Abstract: Pheochromocytoma and paraganglioma (PCC/PGL) are rare tumors that originate from adrenal or extra-adrenal chromaffin cells. A significant clinical manifestation of PCC/PGL is that the tumors release a large number of catecholamines continuously or intermittently, causing persistent or paroxysmal hypertension and multiple organ functions and metabolic disorders. Though majority of the tumors are non-metastatic, about 10% are metastatic tumors.

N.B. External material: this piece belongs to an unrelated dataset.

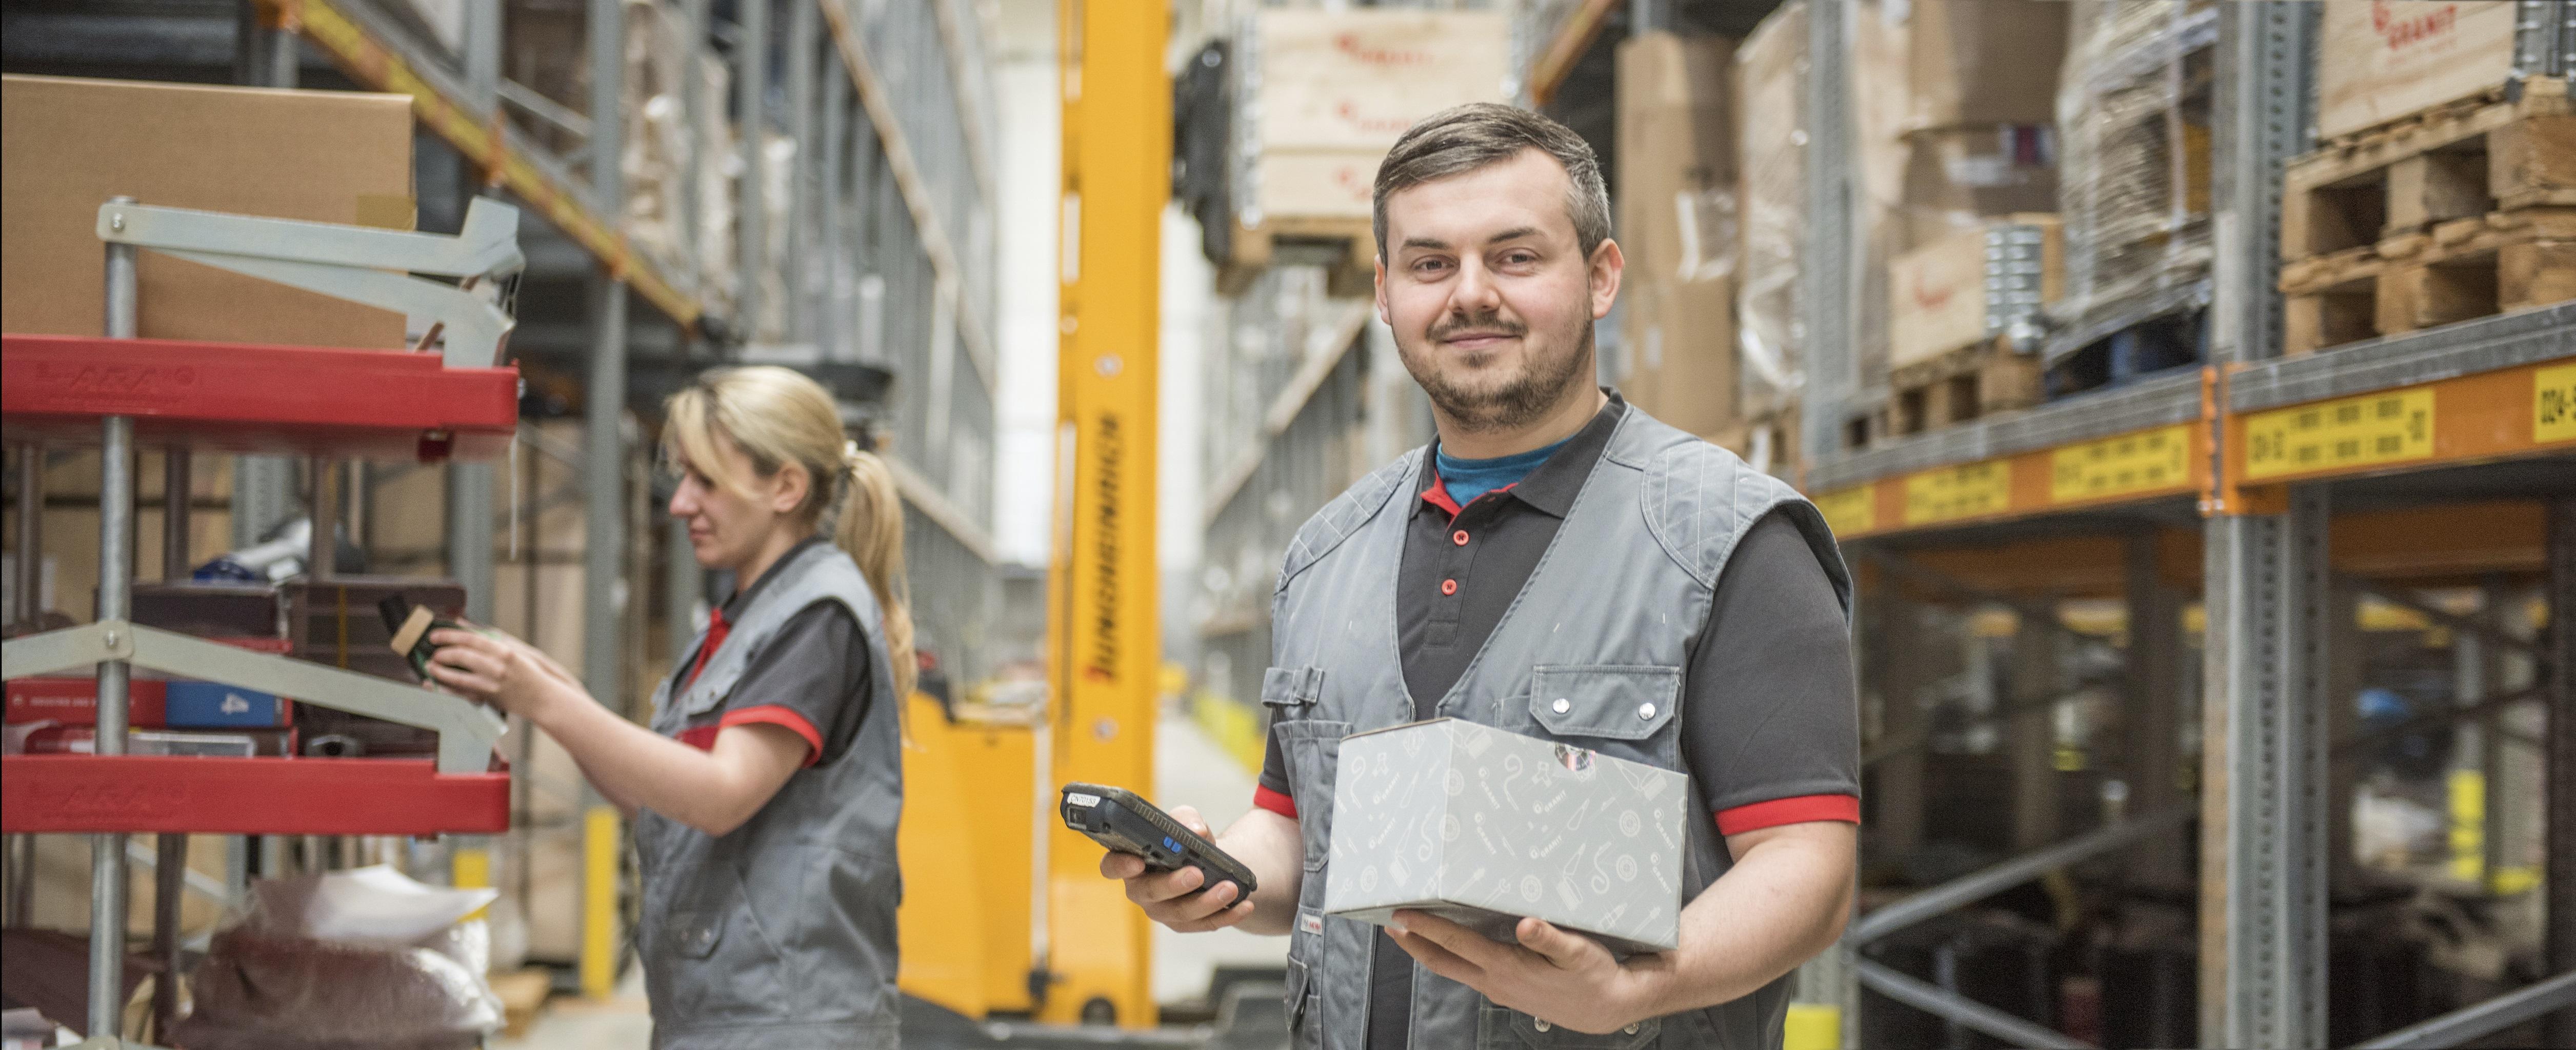 Logistik-Mitarbeiter (m/w/d) in Teilzeit (nachmittags)

Others even have estimated that the rate of metastasis may be as high as 26%. The disease is most common in individuals ranging from 20 to 50 years old and the age of onset strongly depends on the genetic background: patients with germline mutations in susceptible genes have an earlier presentation. Besides, there are no significant differences in the incidence between men and women. At present, traditional treatments, such as surgical treatment, radionuclide therapy, and chemotherapy are still prior choices. However, they all have several deficiencies so that the effects are not extremely significant. Contemporary studies have shown that hypoxia-associated signal pathway, associated with the cluster 1 genes of PCC/PGL, and increased kinase signal pathways, associated with the cluster 2 genes of PCC/PGL, are the two major pathways involving the molecular pathogenesis of PCC/PGL, indicating that PCC/PGL can be treated with targeted therapies in emerging trends. This article reviews the progress of molecular-targeted therapies for PCC/PGL.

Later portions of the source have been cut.